Ad valorem is used most frequently to refer to the value placed on property by the county tax assessors. An assessment is made against this value by applying an assessment rate (e.g. 100%, 60%, 40%, etc.). The net assessment is determined after subtracting any exemptions to which the property owner is entitled (e.g. homestead exemptions), and a tax or millage rate is applied to this net assessment to determine the ad valorem tax due from the property owner.

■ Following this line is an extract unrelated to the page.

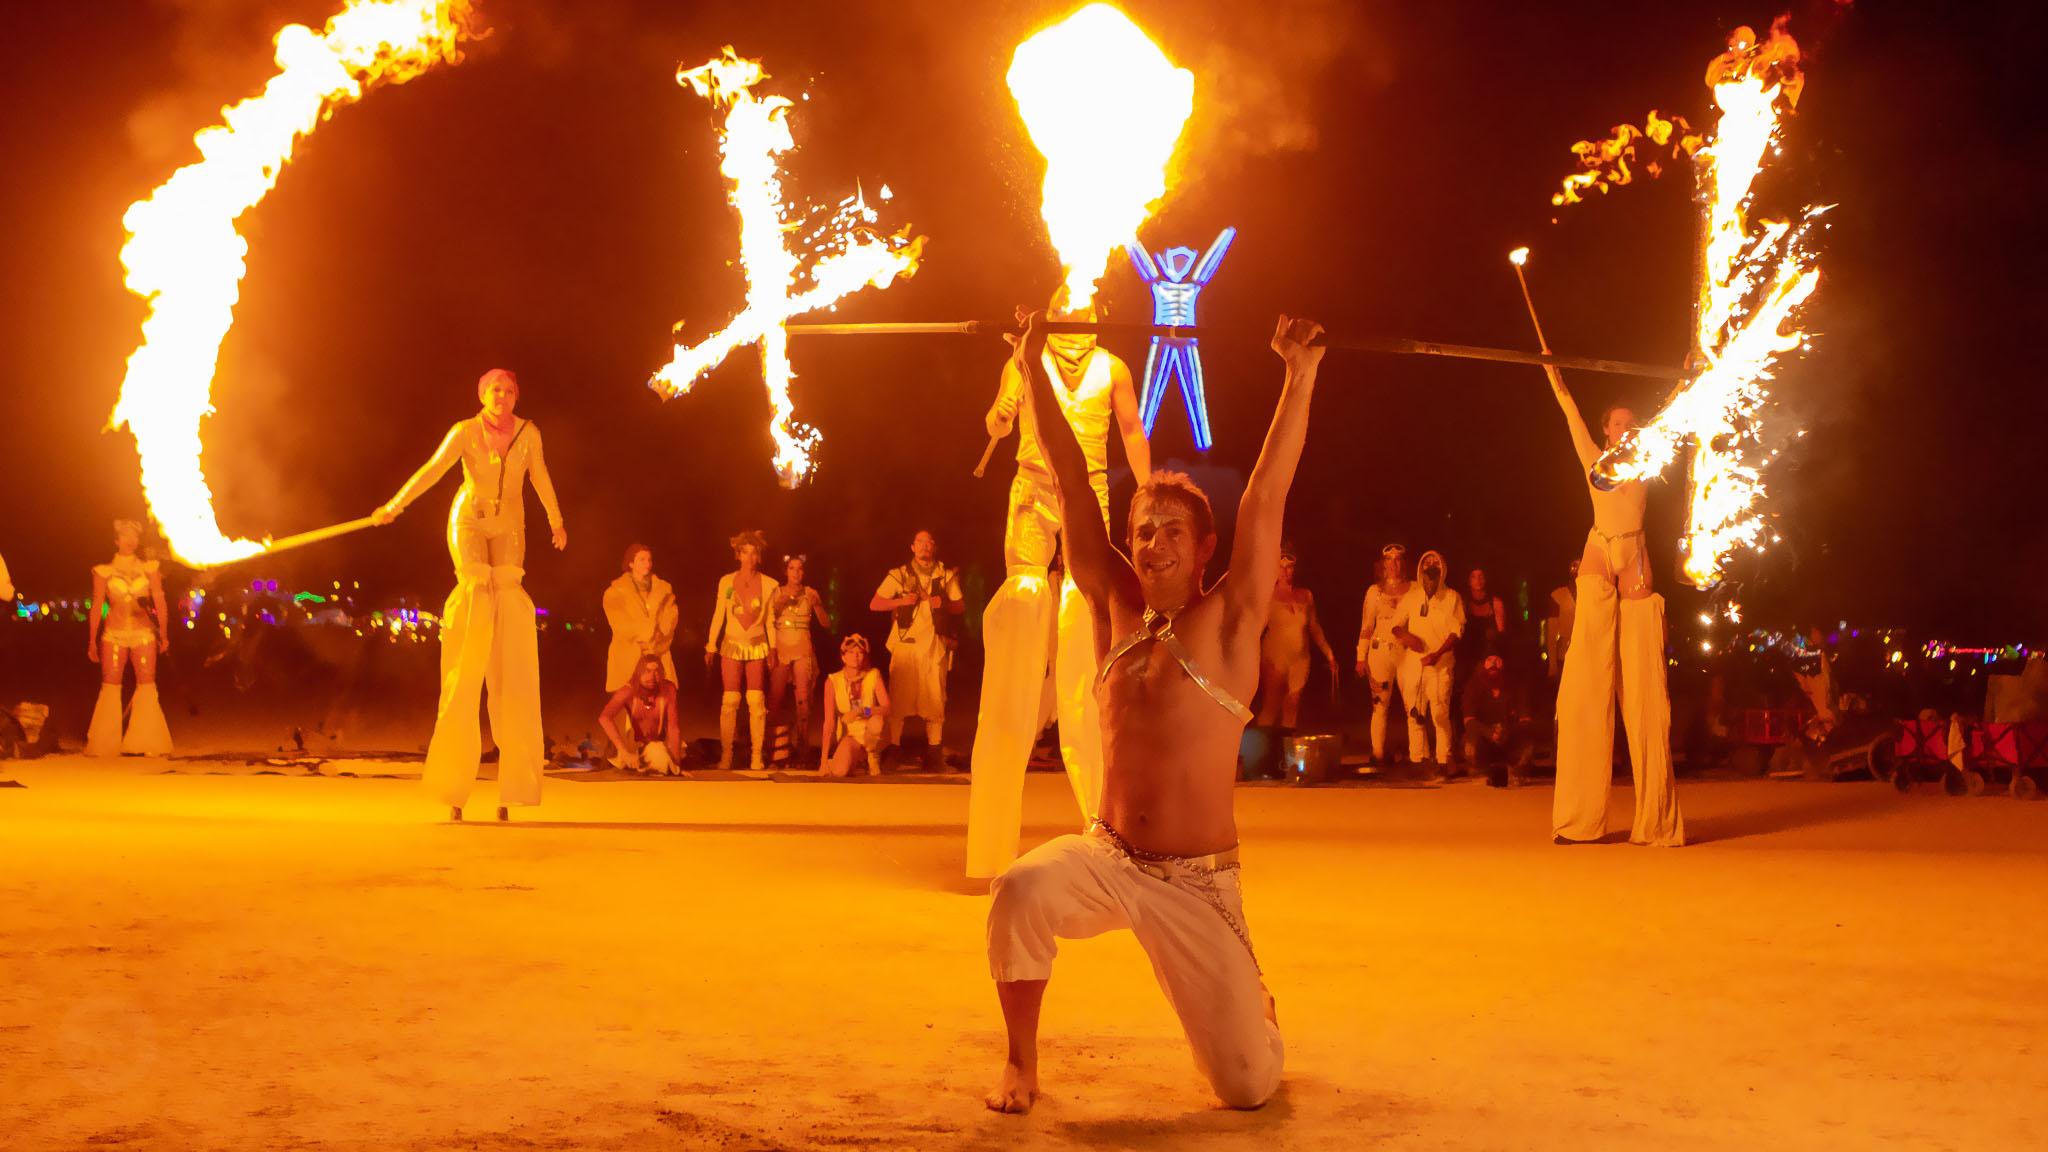 Burningman1.jpg

The two main basis for determining the ad valorem value are fair market value and current use value. The fair market value is based on the typical selling price for property on which the buyer and seller can agree, with the assumption that the property is being used or will be used at its highest and best use after the sale. The current use value is the typical selling price for property with an assumption that it will continue after the sale to be used in its current use rather than being converted to its highest and best use. State legislatures have created many variations to these two main valuation approaches.

In some states, a central appraisal authority establishes values on all properties and distributes these to the local county or jurisdiction taxing authority, which then sets a tax rate and imposes the local ad valorem tax. In other states, a central appraisal authority values certain properties that are difficult to value at the local level (e.g. railroads, electric companies and other utility companies) and sends these values to the local county or jurisdiction taxing authority, while the local tax assessors determine the value on all other property in the county or jurisdiction.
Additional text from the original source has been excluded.